Regarding Claim 16, Philbin teaches all aspects of the claimed invention as disclosed in Claim 1 above. Philbin further teaches wherein calculating the loss comprises calculating at least one of an N-pair loss, a triplet loss with L1 norm, a triplet loss with L2 norm, a lifted structure loss, or a margin-based loss ([0041-0042] system computes a triplet loss L from embedding of anchor image, positive image, and negative image, where the triplet loss is expressed such that it is minimized when an image of a specific object has an embedding that is closer to the embeddings of all other images of the specific object than it is to the embedding of any other image of any other object, with a margin between positive and negative pairs of at least a).
Regarding Claim 17, Philbin teaches all aspects of the claimed invention as disclosed in Claim 1 above. Philbin further teaches a system comprising: a memory to store the parameters of the neural network adjusted in claim 1; and a processor, operably coupled to the memory, to implement the neural network of claim 1 ([0049-0055], embodiments of disclosed functional operations in computer software encoded in memory and executed by a processor).
Regarding Claim 18, Philbin teaches a system comprising: a server ([0057-0058], embodiments of the subject matter described in this specification can be implemented in a computing system that includes a back end component, e.g., as a data server, or that includes a middleware component, e.g., an application server) to implement a neural network trained on a plurality of triplets of training vectors ([0037], Fig. 3, process 300 for training a neural network on a triplet), 
each triplet in the plurality of triplets comprising a reference data point, a positive data point, and a negative data point, the reference data point representing a first object, the positive data point representing a second object similar to the first object, and the negative data point representing a third object dissimilar to the first object ([0035], system generates a set of triplets from the set of training images, each triplet includes a respective anchor image, a respective positive image, and a respective negative image, for each triplet, the anchor image and the positive image are images that have both been classified as being images of the same object of the particular object type, the negative image is an image that has been classified as being an image of a different object of the particular object type from the anchor image and the positive image).
Regarding Claim 19, Philbin teaches all aspects of the claimed invention as disclosed in Claim 18 above.
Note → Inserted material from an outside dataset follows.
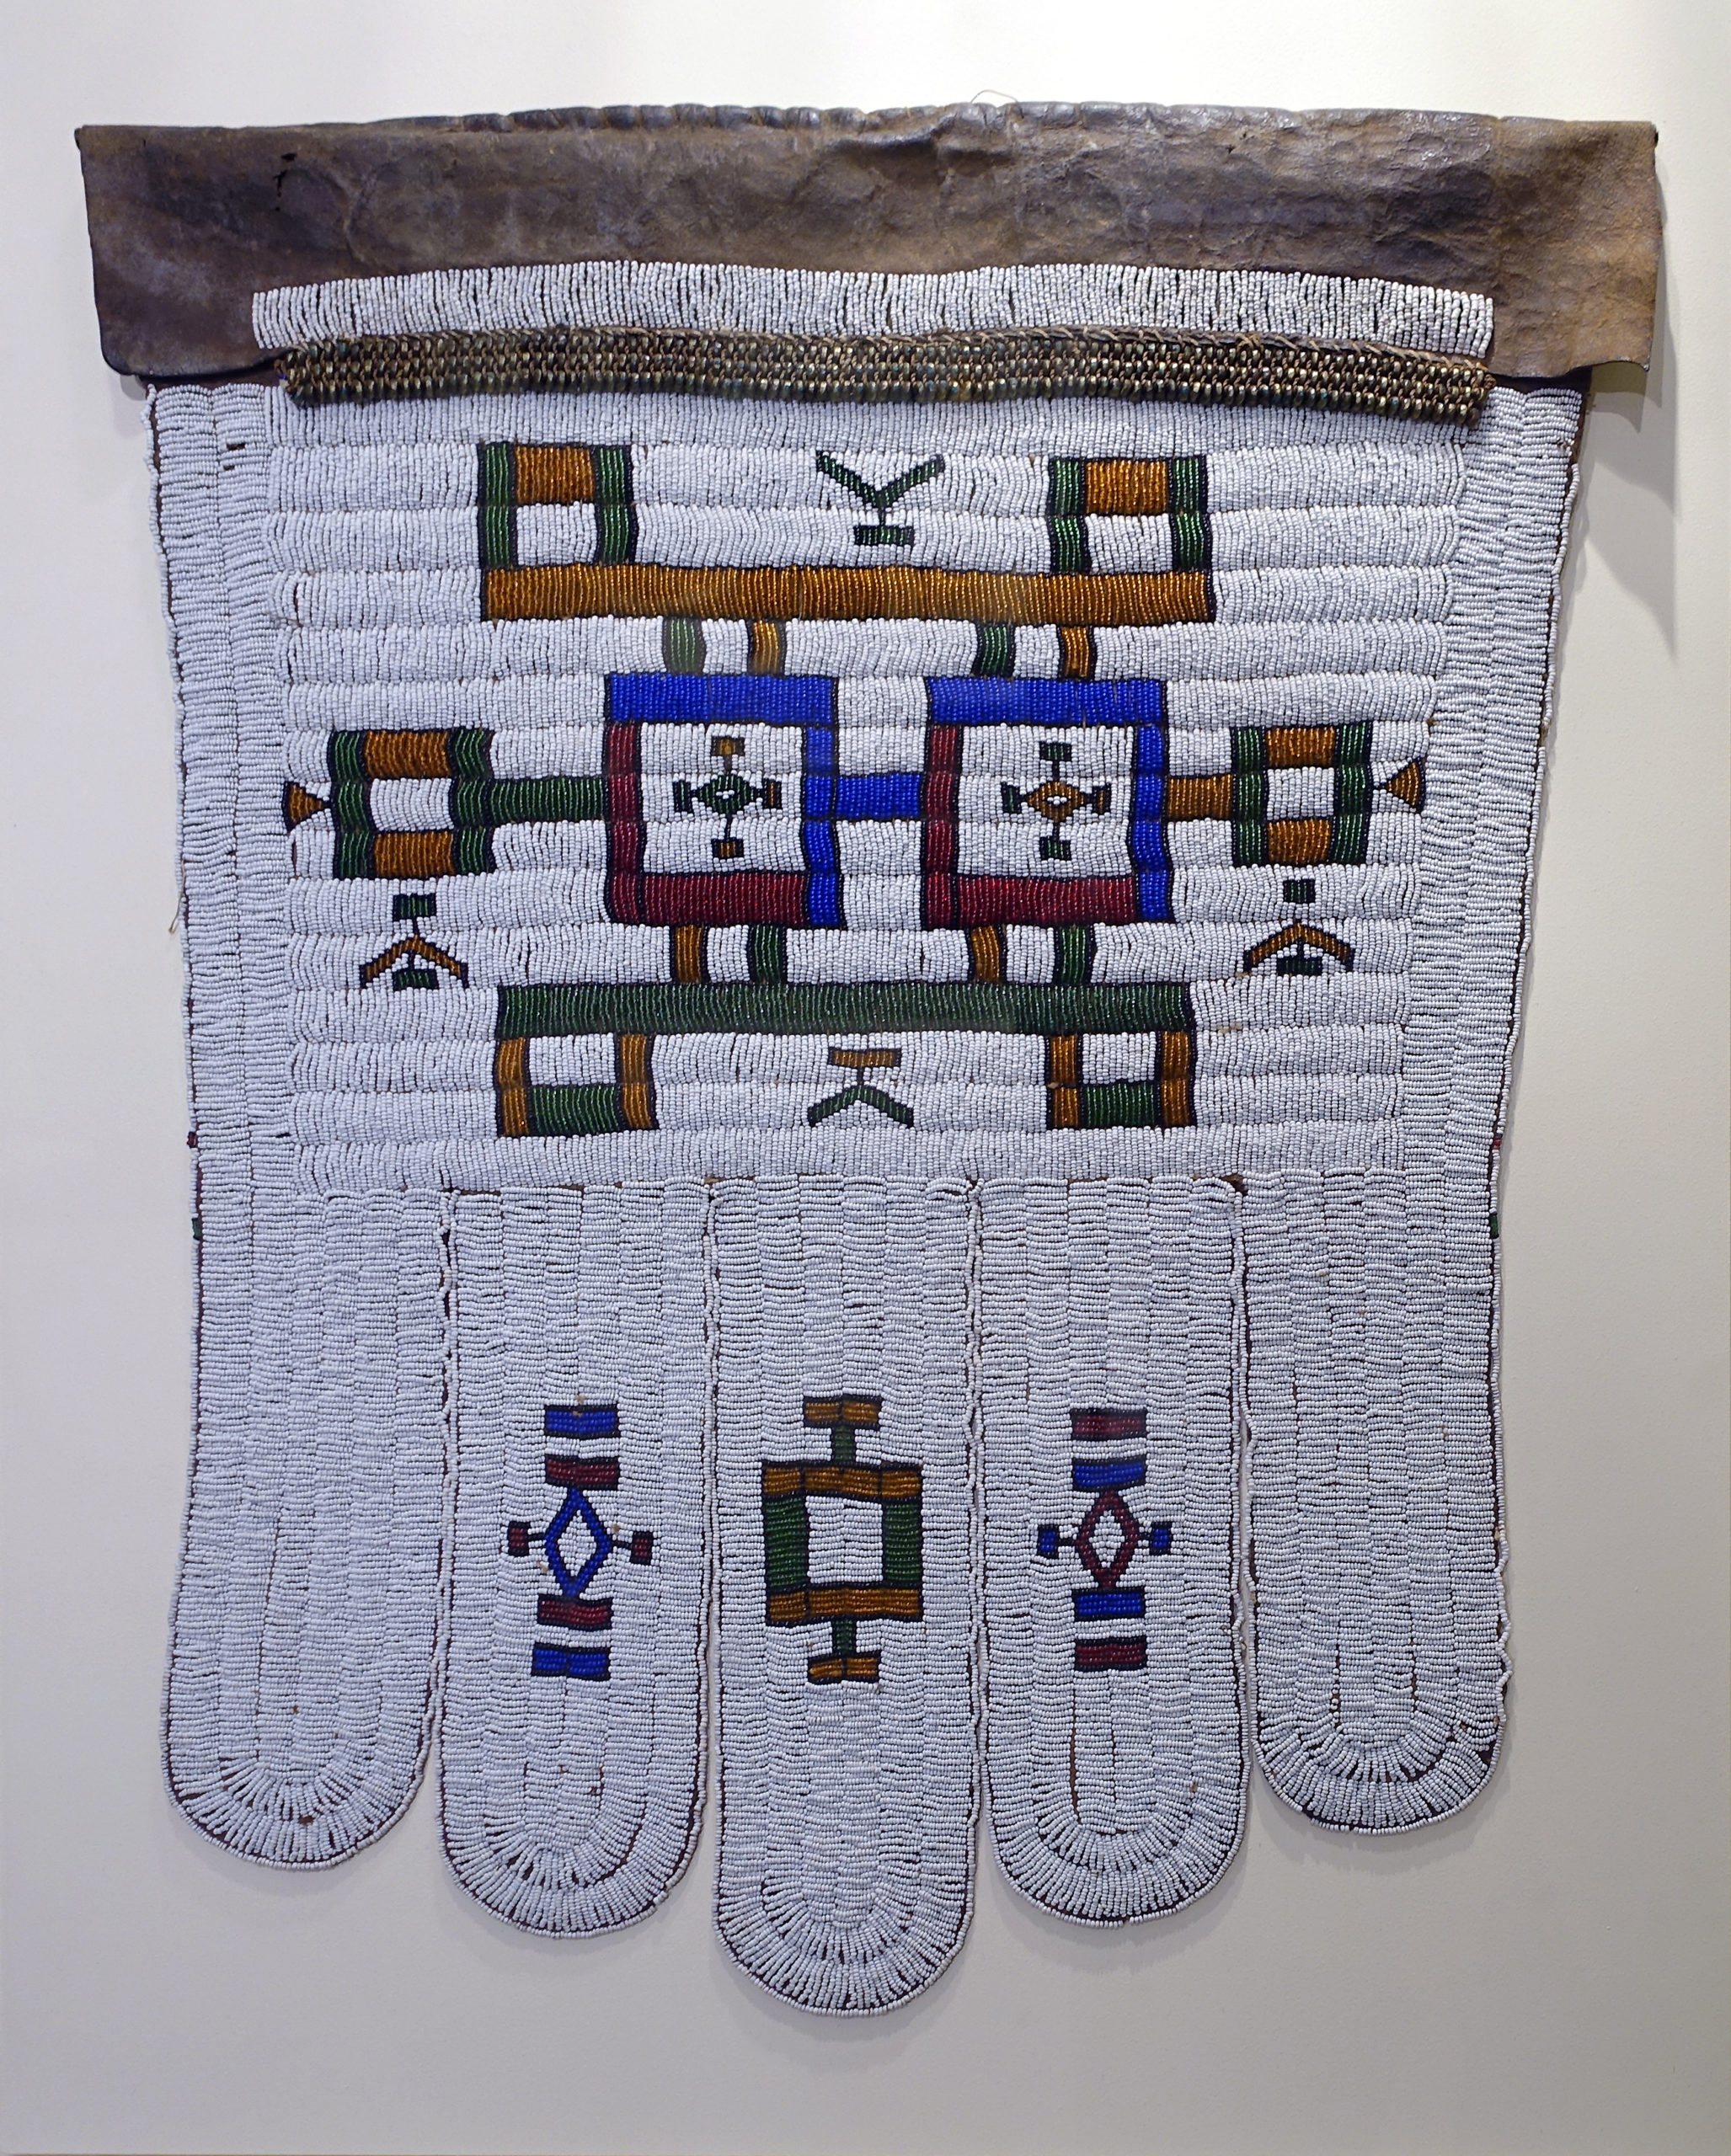 Married Woman’s Apron (Ndebele peoples) Edit

Philbin further teaches wherein the first object is visually similar to the second object ([0035], system generates a set of triplets from the set of training images, each triplet includes a respective anchor image, a respective positive image, and a respective negative image, for each triplet, the anchor image and the positive image are images that have both been classified as being images of the same object of the particular object type, the negative image is an image that has been classified as being an image of a different object of the particular object type from the anchor image and the positive image).

Claim Rejections - 35 USC § 103
In the event the determination of the status of the application as subject to AIA  35 U.S.C. 102 and 103 (or as subject to pre-AIA  35 U.S.C. 102 and 103) is incorrect, any correction of the statutory basis for the rejection will not be considered a new ground of rejection if the prior art relied upon, and the rationale supporting the rejection, would be the same under either status.  
The following is a quotation of 35 U.S.C. 103 which forms the basis for all obviousness rejections set forth in this Office action:
A patent for a claimed invention may not be obtained, notwithstanding that the claimed invention is not identically disclosed as set forth in section 102, if the differences between the claimed invention and the prior art are such that the claimed invention as a whole would have been obvious before the effective filing date of the claimed invention to a person having ordinary skill in the art to which the claimed invention pertains. Patentability shall not be negated by the manner in which the invention was made.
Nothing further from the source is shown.